Okay, so how is the current bear market an opportunity for us? Well, we have to carefully analyze the investment opportunities and then selectively make investments that we believe are poised for a turnaround. Eventually, this market should reverse course and start a new bull market and we’ll try to take advantage of that.

SIR JOHN TEMPLETON, ONE OF THE GREATEST INVESTORS OF ALL TIME, and later in his life, a generous philanthropist, passed away last week at the age of 95. In honor of his passing, here are a few of his investing insights that we’ll remember long after he’s gone:

•Be a contrarian. In a 1995 Forbes interview, Templeton said, “People are always asking me where the outlook is good, but that’s the wrong question. The right question is: ‘Where is the outlook most miserable?’” He was a firm believer in investing at the point of “maximum pessimism.” An avowed value investor, Templeton liked to buy when everybody else was selling and sell when everybody else was buying. It was his way of “buying low and selling high.”

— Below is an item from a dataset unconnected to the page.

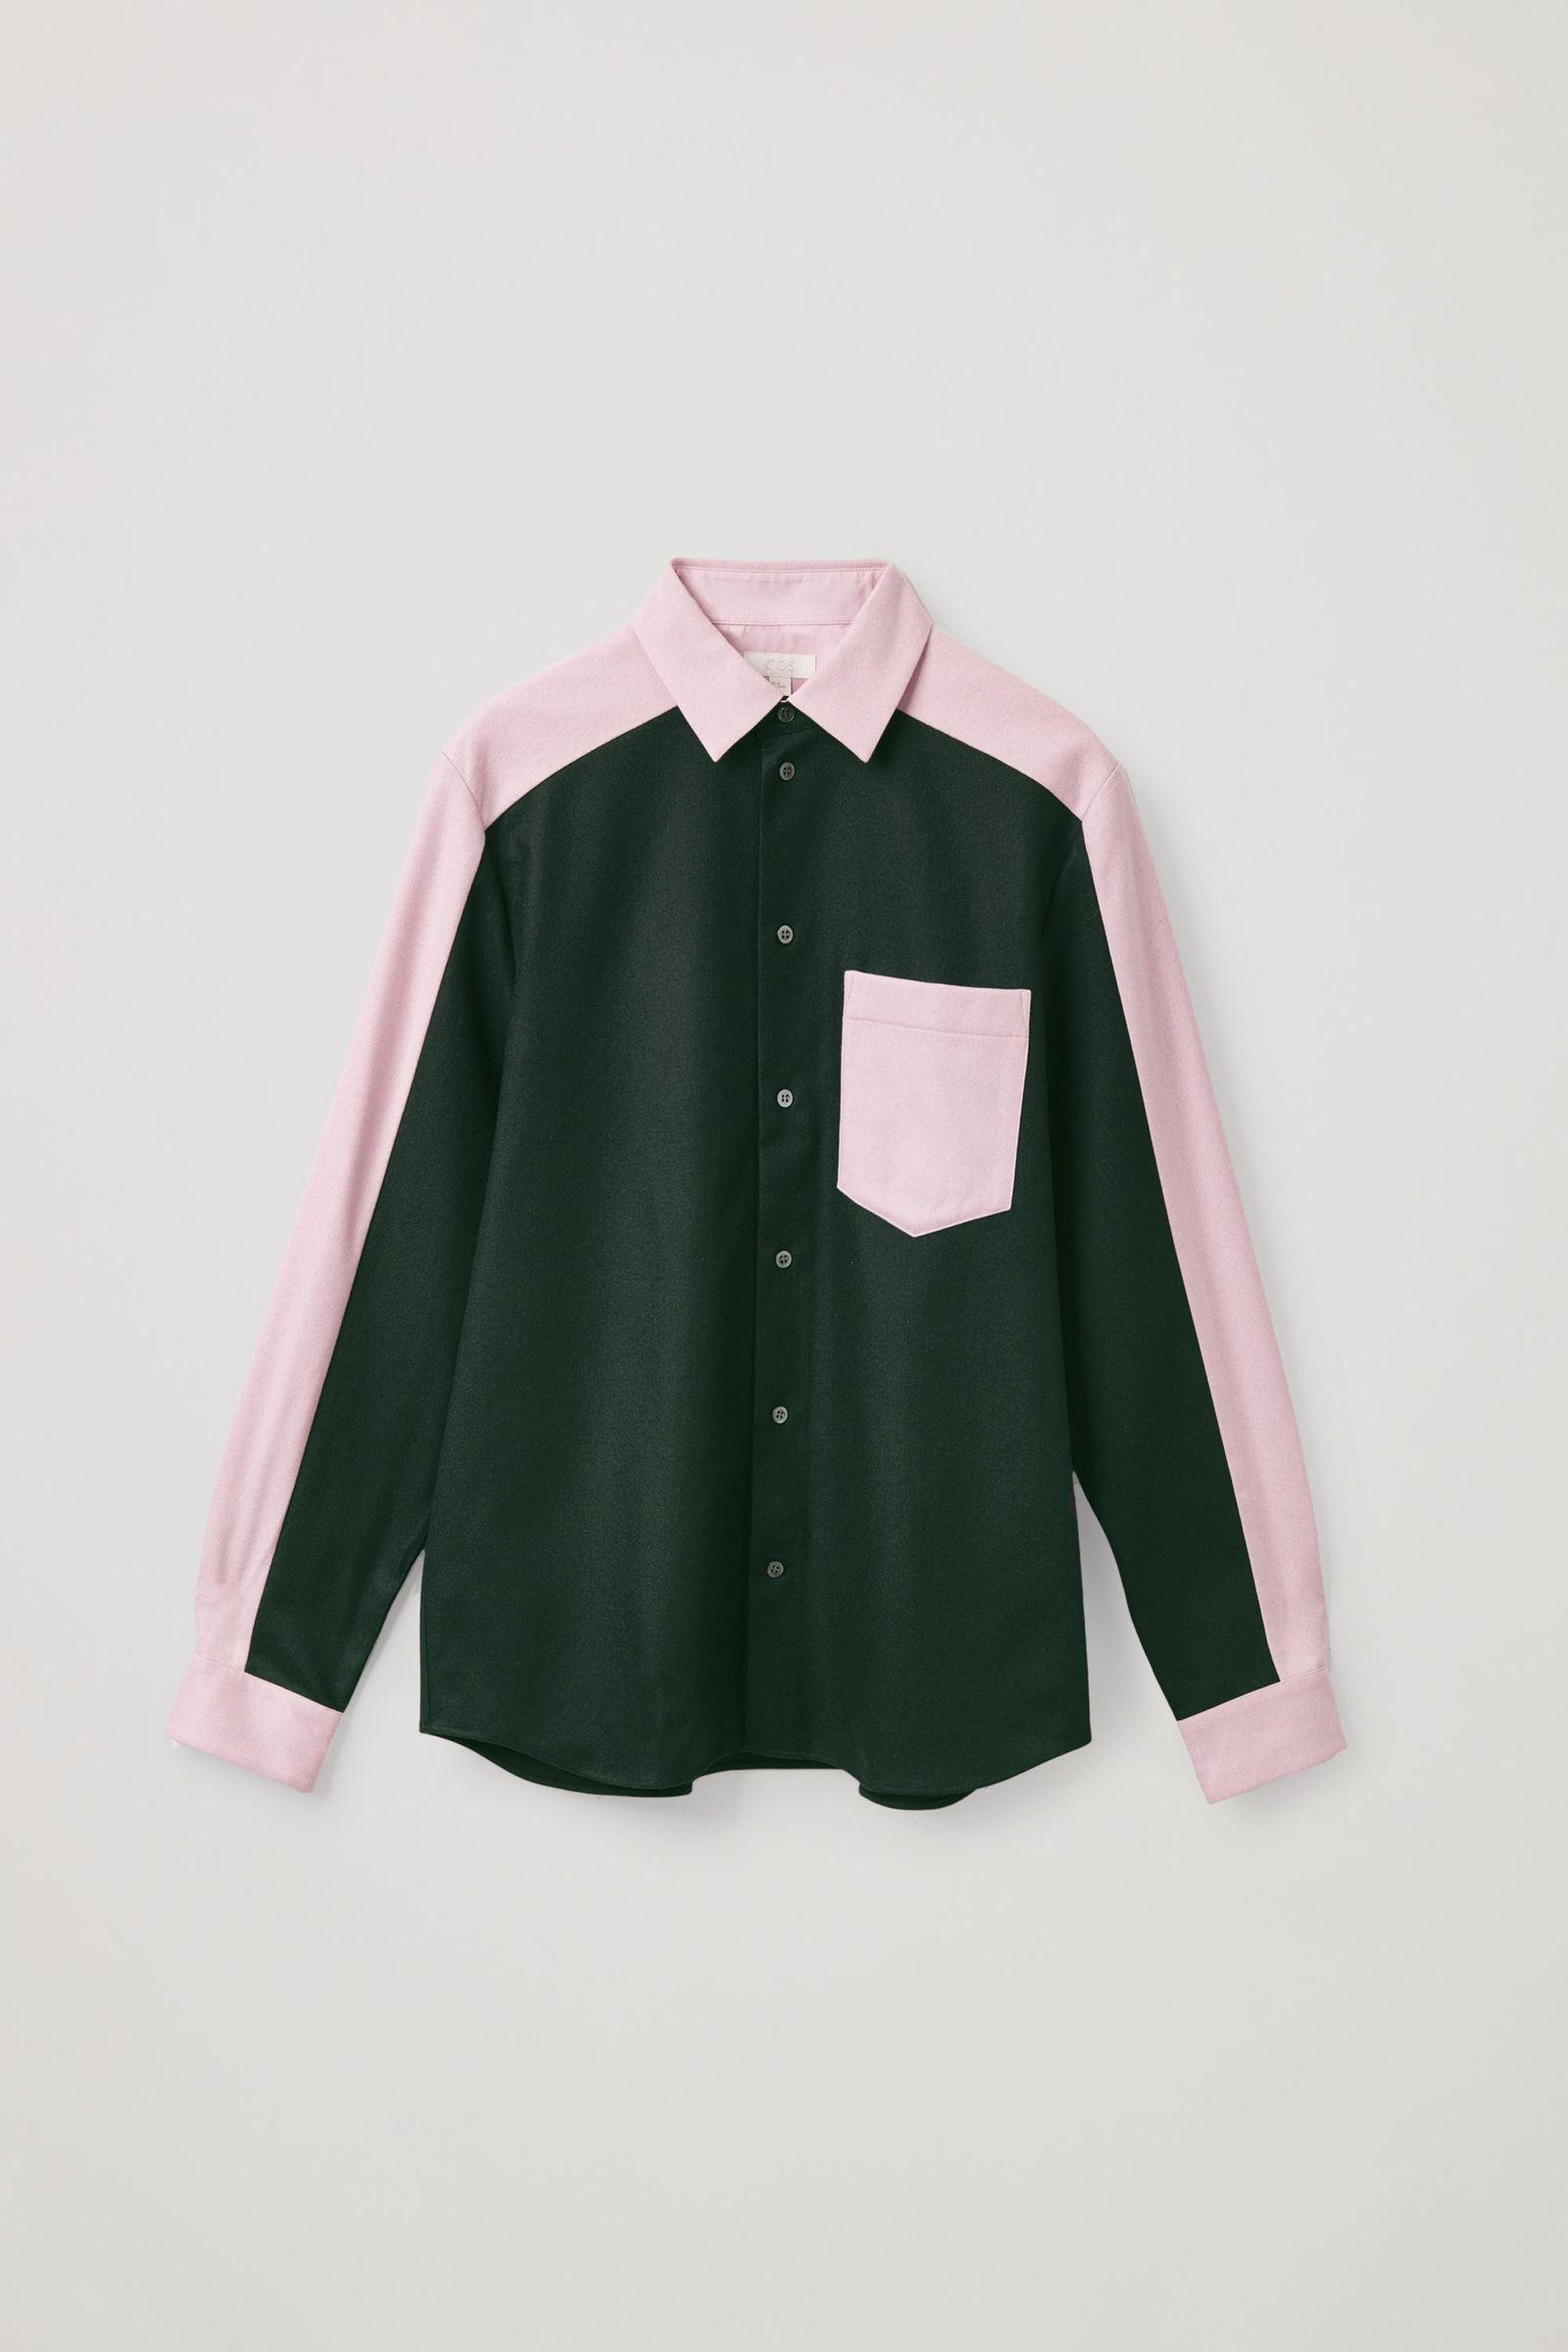 COS 펠트 이펙트 컨스트럭티드 패널 셔츠의 다크 그린 / 핑크컬러 Product입니다.

•Don’t be afraid of big bets. When he felt confident, Templeton was not afraid to put a significant amount of his money in one area. For example, back in the 1960s, he was highly concentrated in Japanese companies because he felt they were extremely cheap. Of course, big bets can turn into big risks if you make a bad decision. Fortunately, for Templeton, his bad bets were few and far between. By buying stocks that were low priced and out of favor, he had a built-in “margin of safety.”

•Don’t worry about the direction of the markets. According to a 1978 Forbes cover story, Templeton said, “I never ask if the market is going to go up or down because I don’t know, and besides it doesn’t matter. I search nation after nation for stocks, asking: ‘Where is the one that is lowest-priced in relation to what I believe it is worth?’ Forty years of experience have taught me you can make money without ever knowing which way the market is going.” For Templeton, it all boiled down to finding stocks that had value and could go up regardless of what is happening to the broad market.

•Remain humble. From humble roots, Templeton never let success go to his head. He said, “An investor who has all the answers doesn’t even understand all the questions. The wise investor recognizes that success is a process of continually seeking answers to new questions.” We’ll never bat 1,000%-nor do we have to. We do our best and then try to learn from our mistakes.

•Don’t panic or be too negative. Templeton’s advice here is quite timely. He said, “There will, of course, be corrections, perhaps even crashes. But over time our studies indicate, stocks do go up and up. In this century or the next, it’s ‘buy low, sell high.’”

Like wise grandparents, we can learn from our elders. Templeton is certainly one of the all-time greats and his words are worth listening to.

Weekly Focus - Whom Do You Trust?

Here’s a simple test to determine if you can trust someone. Ask them if they drink coffee. It turns out that the five countries whose citizens trust each other the most are also the five countries with the highest per capita coffee consumption, according to NationMaster.com. Is this a simple case of data mining or is there something special about coffee drinkers?